A person filing a petition for divorce in the state of Tennessee is called as Plaintiff. Person who does not file the petition but infact has to defend himself/herself and has to report to the court is known as Defendant. Tennessee divorce rights require a plaintiff to be a resident of the state. If however the cause of divorce did not occur in the state, it is mandatory for either of the parties to be a resident of the state for six consecutive months preceding the divorce petition.

In Tennessee, a plaintiff is supposed to file the case in the circuit court or the chancery where either of the parties resides. According to Tennessee divorce rights, the chancery or the circuit court of the county can grant a decree of divorce if the court considers that the two parties have been living separately for a period of more than two years.

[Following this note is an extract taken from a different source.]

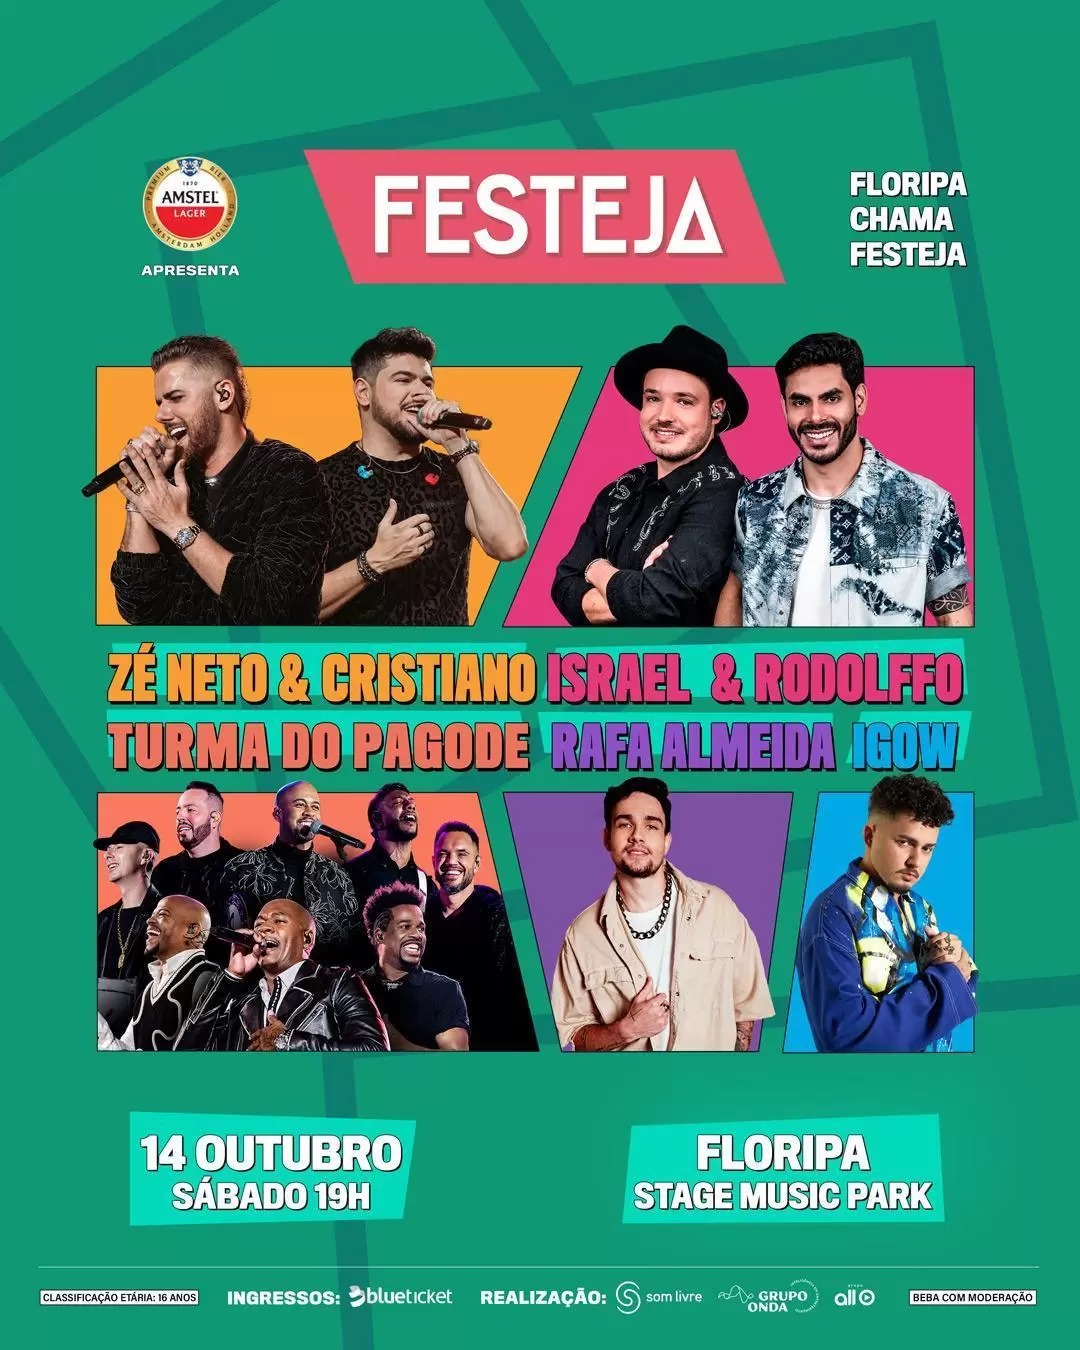 Festeja Florianópolis chega ao palco do Stage Music Park com grandes nomes do sertanejo e do pagode no dia 14 de outubro

Grounds for filing a divorce case in Tennessee

Tennessee divorce rights recognize some other legal grounds of divorce which could be sought by a plaintiff. These legal grounds of seeking divorce are: impotency, irreconcilable differences occurring between the two parties, spouses living separately for a continuous period of two years when there is no minor child, adultery, bigamy, conviction of felony, pregnancy of a woman by another person, without husband knowing it, extreme cruelty and inhuman treatment, willful desertion of the partner for one year and habitual drunkenness.

Property distribution in Tennessee

The principle of equitable distribution of property is defined by Tennessee divorce rights as a principle which would require the court to divide the property acquired by the couple during the marriage in a just and fair manner. The property should be divided in an equitable manner and should not be divided equally between the two parties. In order to divide the property between the two parties, the court can take into account a number of factors so as to satisfy itself that the distribution being done by the court will prove to be just and fair. Some of the factors considered by the court are: length of marriage, spouse’s contribution to the acquisition of property during marriage, future employment and vocational skills of the spouse, contributions in the family responsibilities, age, health and physical and mental health of two parties, tax consequences and economic conditions of the two parties.

Tennessee alimony and child custody

Tennessee divorce rights have special provisions regarding alimony award and spousal support if the court considers that the alimony award would be necessary for a party after the divorce. If the court considers that one party will find it extremely difficult to earn bread for itself, it can arrange for a stipulated amount for a specified period of time, so as to help the party. The spousal support however is awarded only in exceptional cases and all divorce cases do not have a provision of spousal support or alimony award. Factors which play an important role while deciding on the issue of alimony support are: length of the marriage, relative earning capacities of each party, contribution of each party, tax consequences, separate assets of the parties concerned.

Distribution of property also effects the decision as to who will get the custody of the child after the divorce. The person whom the court considers being suitable and who will supposedly take care of the financial and educational need of the child will have greater chances of getting the custody of the child.